23  Home Exercises

Instructions

The at-home exercises should be completed using Posit cloud, Home Exercise 5. Create a new .Rmd file (use File -> New File -> R Notebook.

I advise saving the new file straight away. Because you’ll submit this file as an assignment, use a standardised name: lastname_firstname5. Regularly re-save the file.

When you have finished the exercise (or part of it), ‘knit’ the file. Export the .Rmd and the html as a .zip file, and upload this to the assignment area.

Task

Load the Bellevue Almshouse dataset we used a few weeks ago, which can be found in this project files tab. Load the Tidyverse library

Create a series of charts using ggplot2, visualising the following aspects of the data. In most cases, you’ll need to prepare the data by filtering and/or summarising. Create each one in a separate code cell.

  • The number of male and female individuals. First filter out any missing or ambiguous data.

  • The ten most frequent diseases (look back to previous weeks for this one)

  • The ten most frequent female first names.

  • The distribution of the values for age, for male and female gender categories.

  • Create a line chart visualising the number of individuals admitted per week.

Tip

The function floor_week(unit = 'week') will take a full date and round it down to the start of the week (starting on Sunday, because it’s American). So for example, running floor_week on today’s date and tomorrow’s date (2024-10-07 and 2024-10-08) would give 2024-10-06 for both.

Try creating a new column with the ‘floored’ dates, and then summarise using these as groups.

  • Do the same except using months instead of weeks, and visualise male and females separately.

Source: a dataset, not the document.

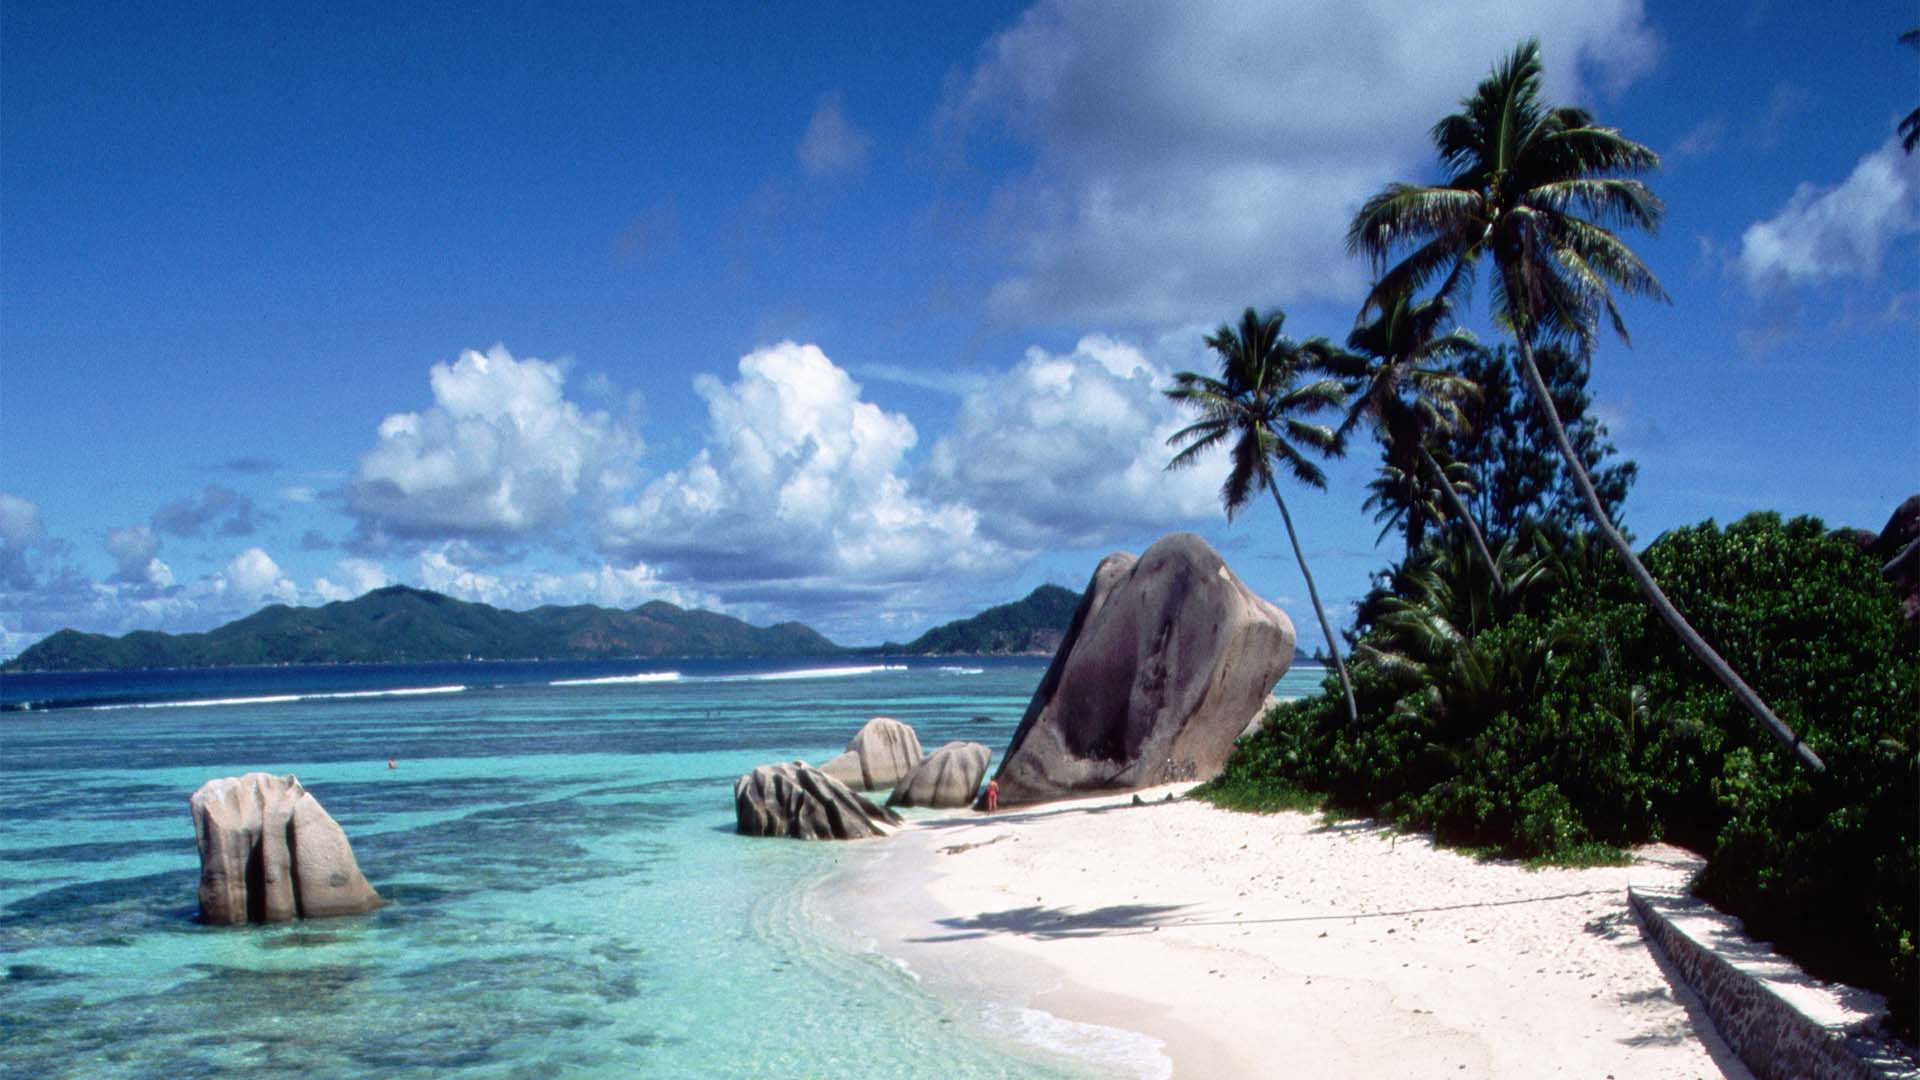 White beaches and sandy shores, Seychelles

  • Use a similar approach to make a scatterplot, but set the colors of the points to gender

Final challenge:

You’ve been asked to visualise the professions in the dataset, as a bar chart. Let’s take a look at a summary of this data first (this is not live code):

library(dplyr)
library(readr)

bellevue_dataset = read_csv('bellevue_almshouse_modified.csv')

bellevue_dataset |>
  group_by(profession) |>
  summarise(n = n()) |>
  arrange(desc(n))

As you can see, there are far too many professions listed to visualise as individual bars. How would you solve this? Try to think of a solution to this - you could use another visualisation method, or re-organise/rename the data to have a pragmatic solution.

If you can’t code the solution, you can simply write a description of what you would like to do, and we can try to solve it in the class!